Exercise
A picture-free, exact reproduction of the listing that follows is required.
Start of Collected material
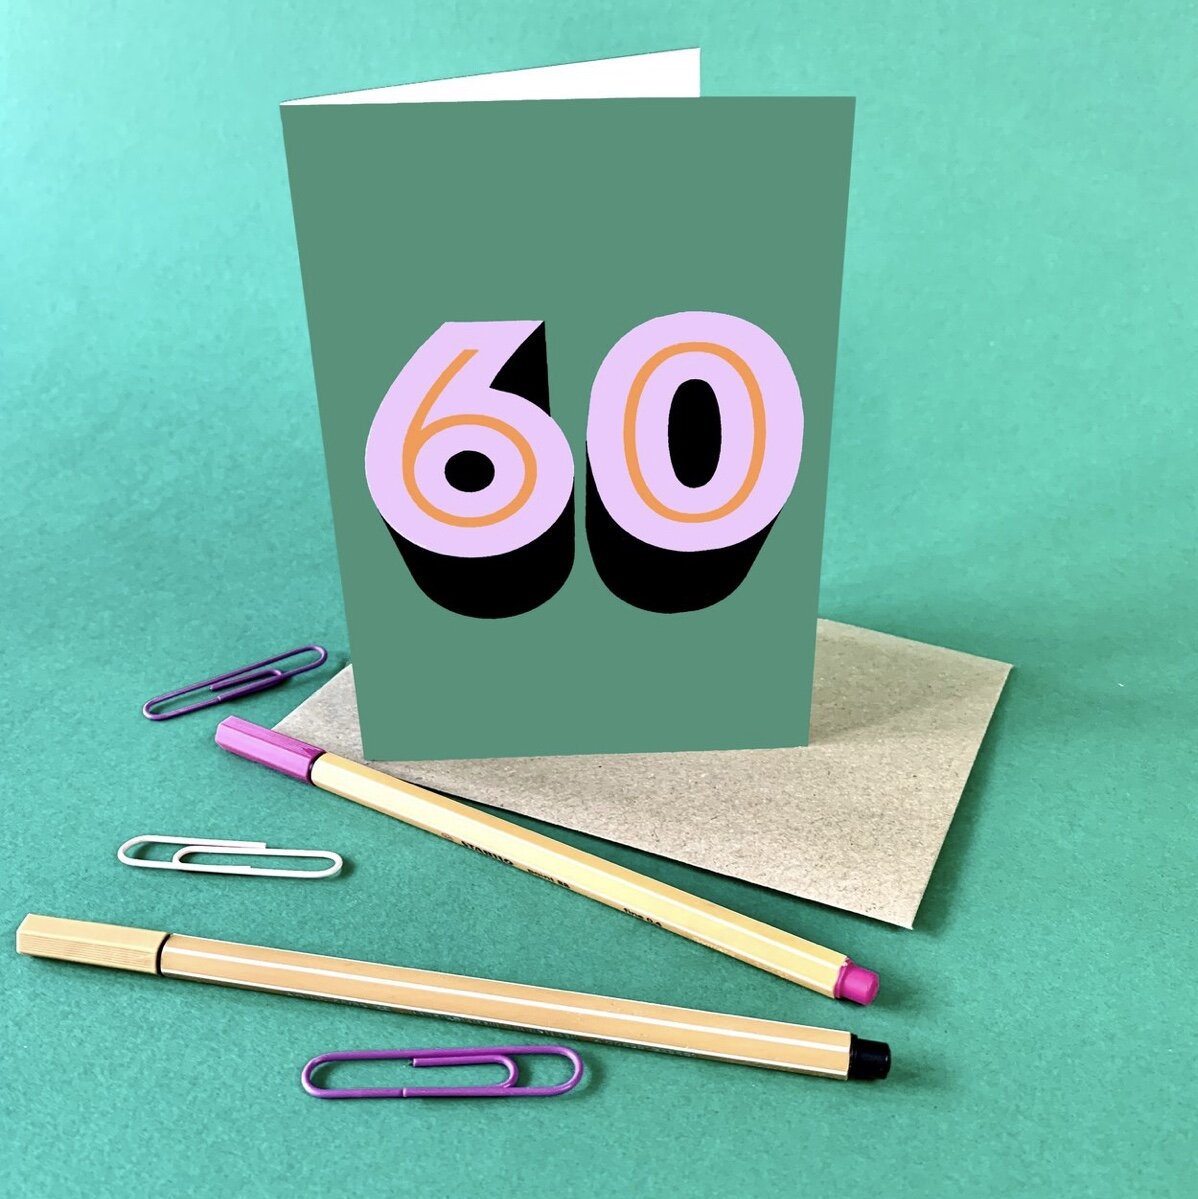 60 | CARD BY MAX MADE ME DO IT
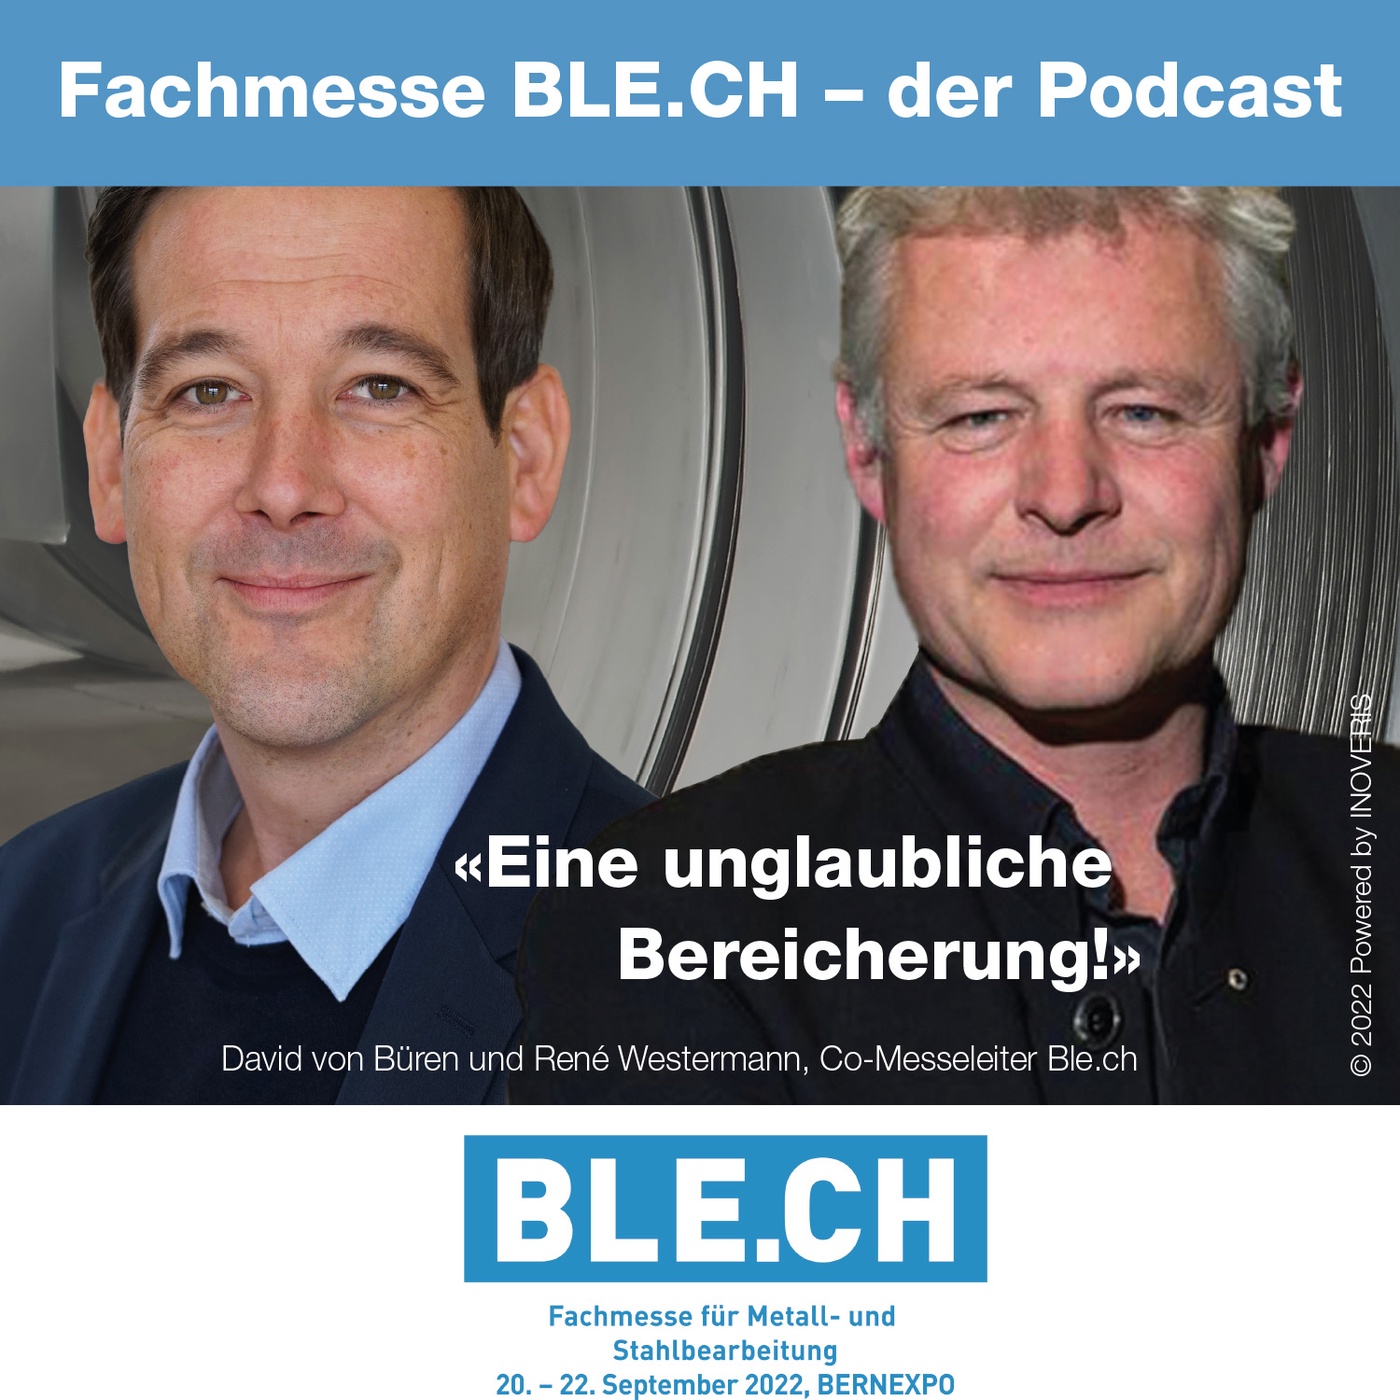 Fachmesse BLE.CH - der Podcast #1
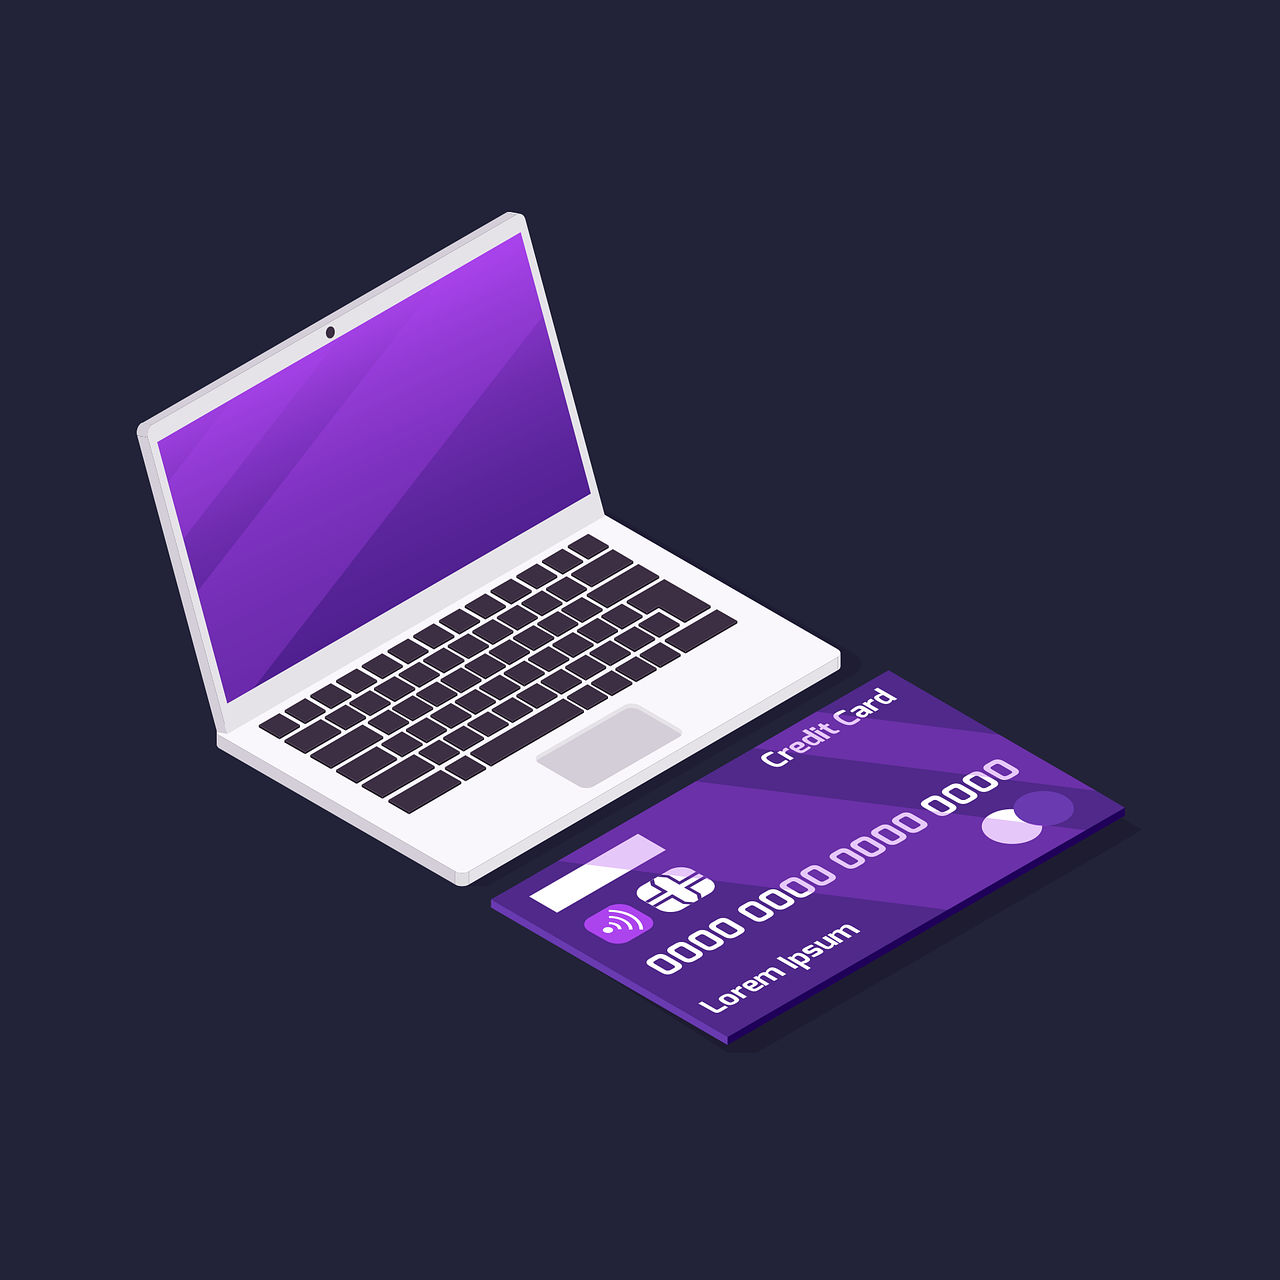 Credit card sitting in front of laptop to symbolize accepting credit card payments on a business website
End of Collected material
The completed task
 60 | CARD BY MAX MADE ME DO IT
 Fachmesse BLE.CH - der Podcast #1
 Credit card sitting in front of laptop to symbolize accepting credit card payments on a business website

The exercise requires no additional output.